Home > Books > This Place of Wonder(93)

This Place of Wonder(93)

Author:Barbara O'Neal

“Problem?” she echoes with narrowed eyes.

I glance at the other two and move so that her body blocks the gesture I make over my own abdomen.

“Ah.” She smiles. “Thank you.”

The sun falls on her, coaxing red highlights from her dark hair, pointing out the freckles across her nose. All at once, I see all the ages she has been: the small, aloof girl I first met, the child who brushed my hair; the weary, hungry girl who came to us after her mother’s death; the vigorous eight-year-old who made forts and bossed her sister around; the fourteen-year-old who already had substance issues I didn’t take seriously enough. Love like an ocean fills me, moves through me, uncontainable, inexpressibly huge. I have loved her just this much since the very first moment we met, as if we were on our hundredth life together, as if she had been born to me in another dimension.

“A tablespoon steeped in hot water for five minutes,” I say. “You can add as much honey as you like.”

She hugs me. “Thank you, this was very sweet. I love you, you know.”

“I know. I love you, too,” I say, and close my eyes and smell her hair and am so grateful that she’s alive and here in the world that I almost swoon with it. To avoid showing any of that, I pull away, pat her shoulder. “Call me when you get back, okay?”

“Yes. I promise.”

I wave to the others. “I have to meet Kara,” I say, and don my sunglasses. Shoulders straight, I leave her. To her own choices, her own friends, her own everything, even if it breaks my heart.

Chapter Thirty-Six

Maya

The doctor’s office is filled with well-tended women at various stages of pregnancy, and I halt just inside the door so fast that I can feel Norah screeching to a stop behind me. I turn around and head back into the white-painted hallway, sweat breaking on my neck. “This is a mistake.”

“Which part?” Norah asks. “The baby or the office?”

I look through the sidelight window beside the door. “Look at those women.” I think of them in perfectly furnished homes, with husbands waiting at night to see what the doctor said. They’re all wearing yoga pants that cling to their toned bodies and T-shirts that tuck around the baby bump for utmost adorability. A roar fills my ears. “I can’t go in there.”

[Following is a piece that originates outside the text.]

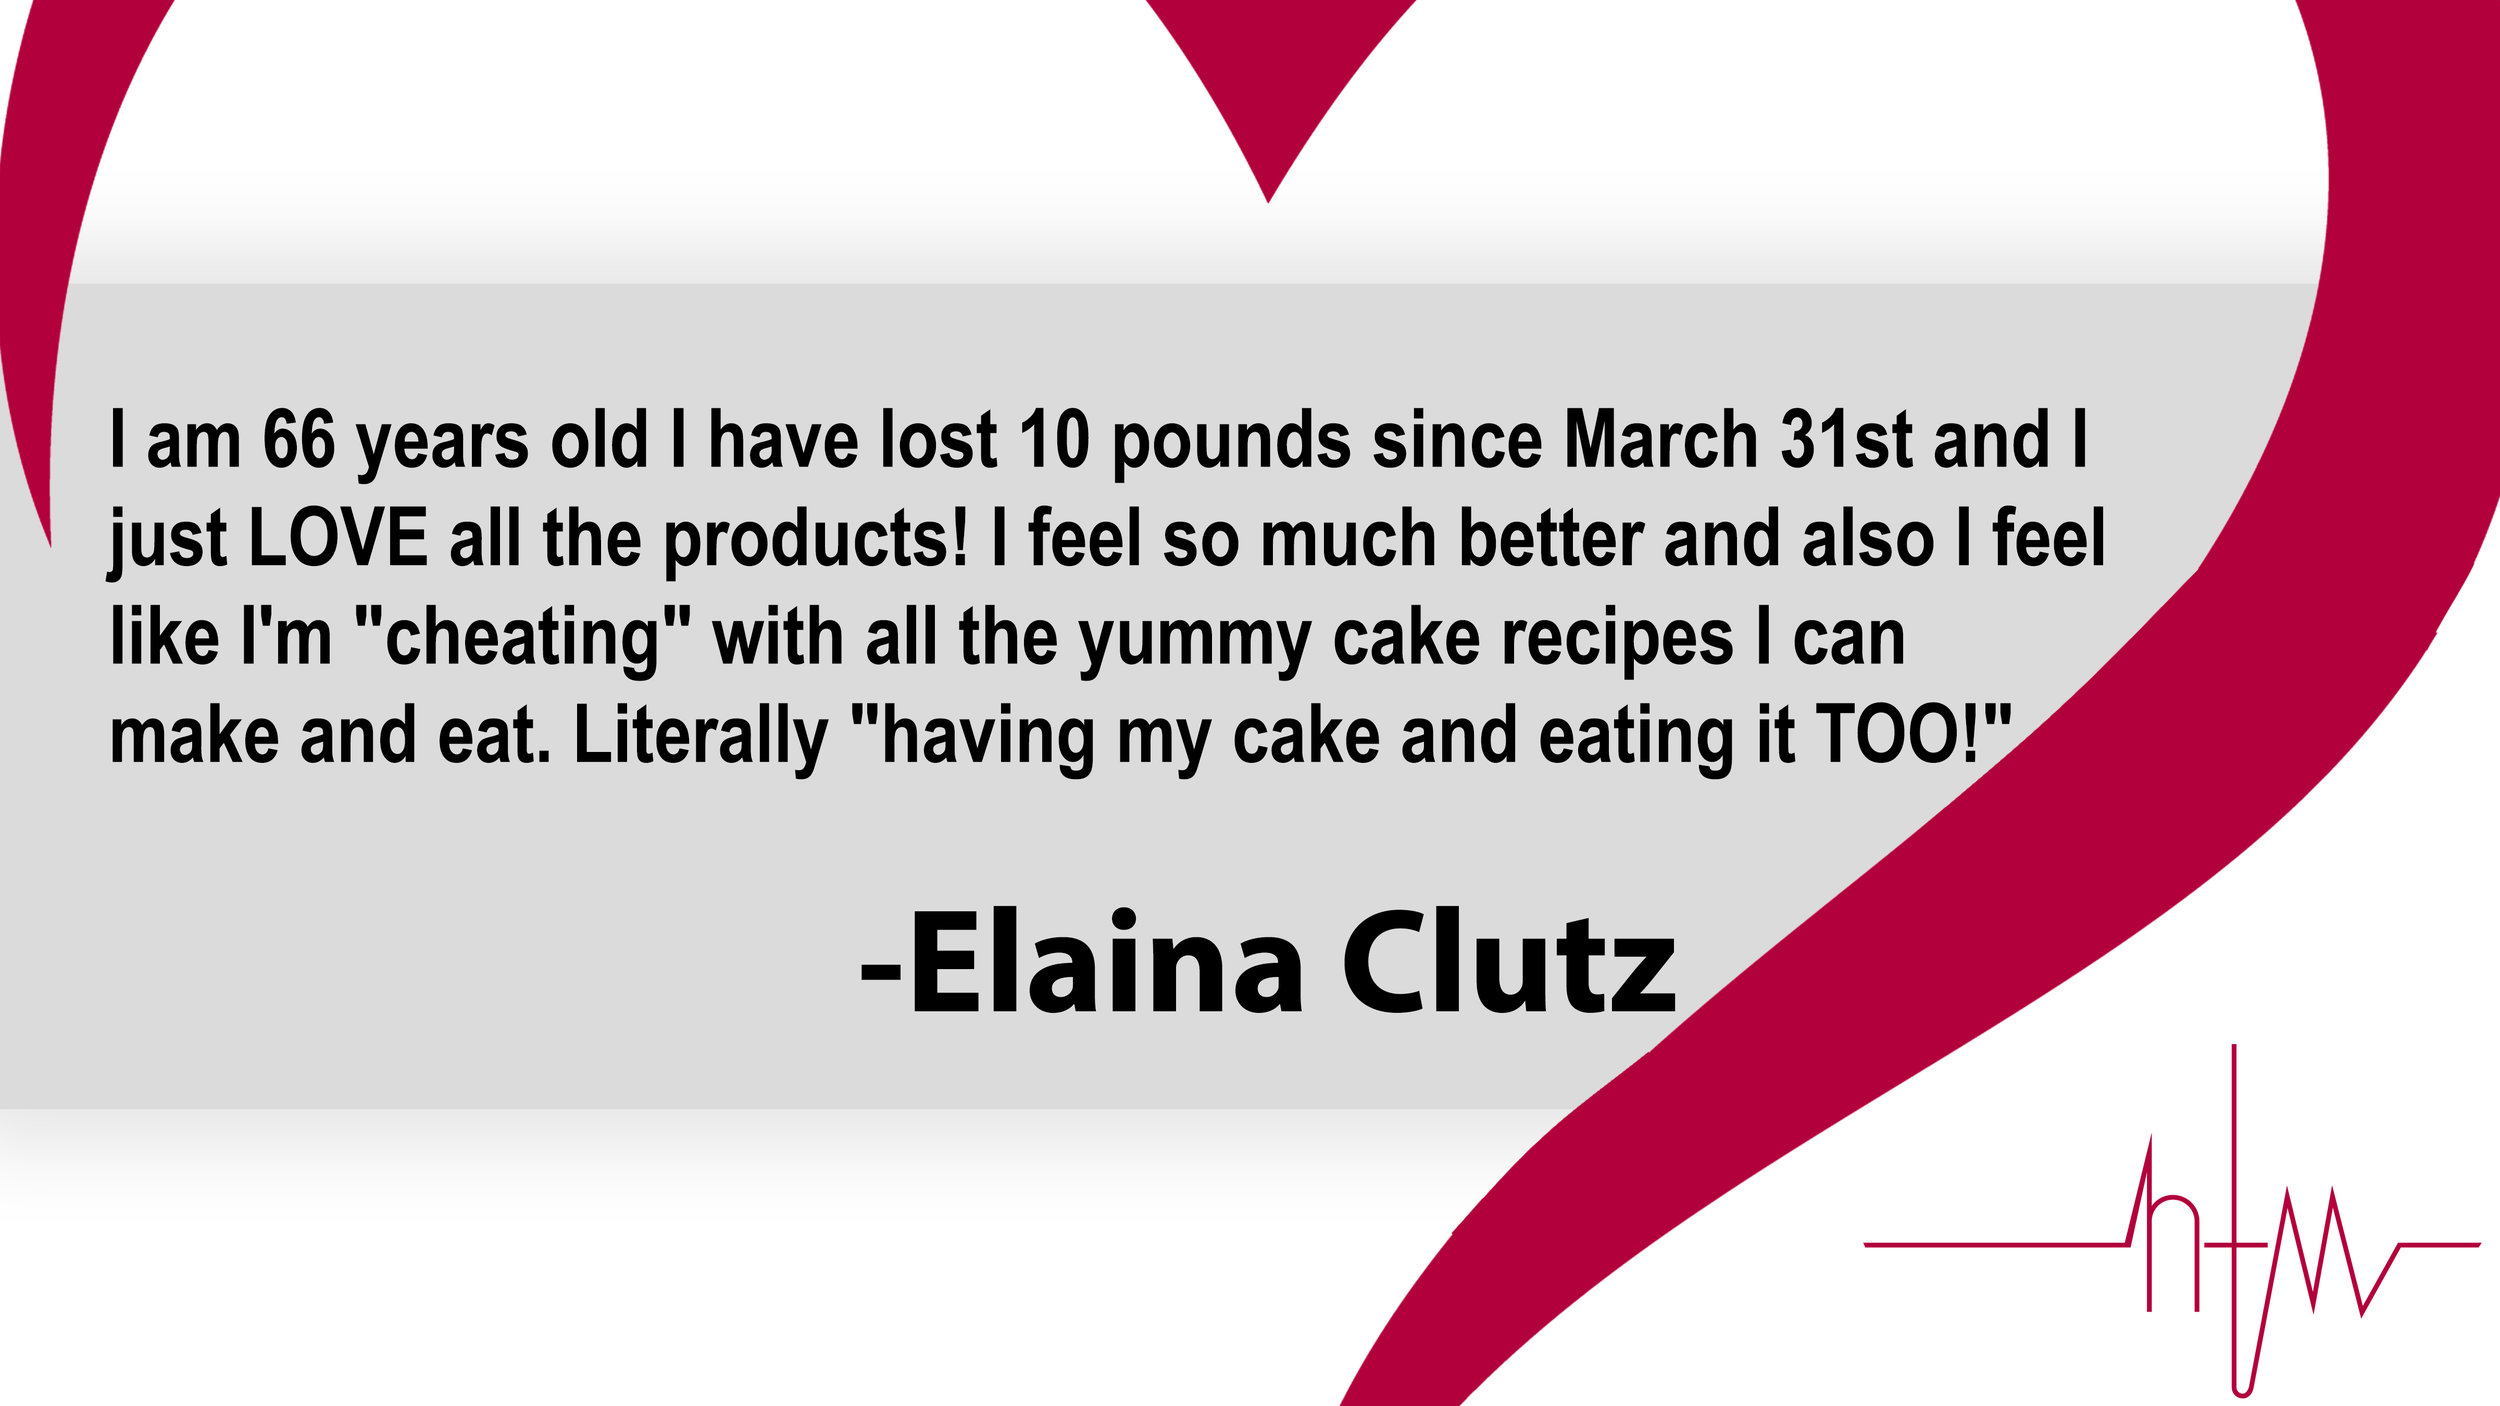 Elaina_Clutz_Testimony.jpg

“Okay,” she says, and there’s nothing pro or con or über-patient about the word. It’s just a word of agreement. “Is there somewhere else you’d feel more comfortable?”

My heart is beating a little too fast, and that noise is still filling my ears, but . . . “Rory will be so disappointed in me if I don’t keep this appointment. It will seem like before, when I was always unreliable.”

She nods. Her braid is like silk falling over a tanned shoulder as she peers into the room. “I could just go in and wait in the room and you can stay out here if you want.”

The alternative gives me space to breathe, as if I’m in a cage, but one with an open door. A woman about my age comes out, her very round belly pushing ahead of her. She looks tired and her face is spotted with red blotches. “Hi,” she says.

“Not far away for you, huh?” Norah asks.

“Maybe today,” she replies wearily, holding up crossed fingers.

“Good luck,” I manage. She waddles down the hall, her hand on her lower back. “I guess I can go in.”

I’m still jumpy and uncomfortable, but it’s uneventful. Norah reads on her phone and I leaf through a magazine about expectant mothers, and the reality of everything starts to hit home. I’m pregnant. That will end in a baby. In between will be a growing belly. Waddling.

By the time the nurse calls my name, I’ve worked myself into a state of anxiety, high enough that my hands are shaking, and right on the edges of my eyelashes are tears ready to spill at the slightest provocation.

But I also have to show up for this. I know how important it is to tell the truth, too. I had a long talk with Deborah after Ayaz left, and while she gently chided me about getting involved with anyone so early in sobriety, she focused mainly on the pregnancy news. With her I could say the things I’m terrified about—how long I’ve been pregnant, how long I might have been drinking, how that might affect the baby.

I spill it all to the doctor, a woman in her fifties with short, no-nonsense hair colored bright red. I like her immediately, and that makes it easier to tell the truth. Which she seems to take in stride. “Well, let’s see where you are before we worry too much about the rest. What did you do to your arm?”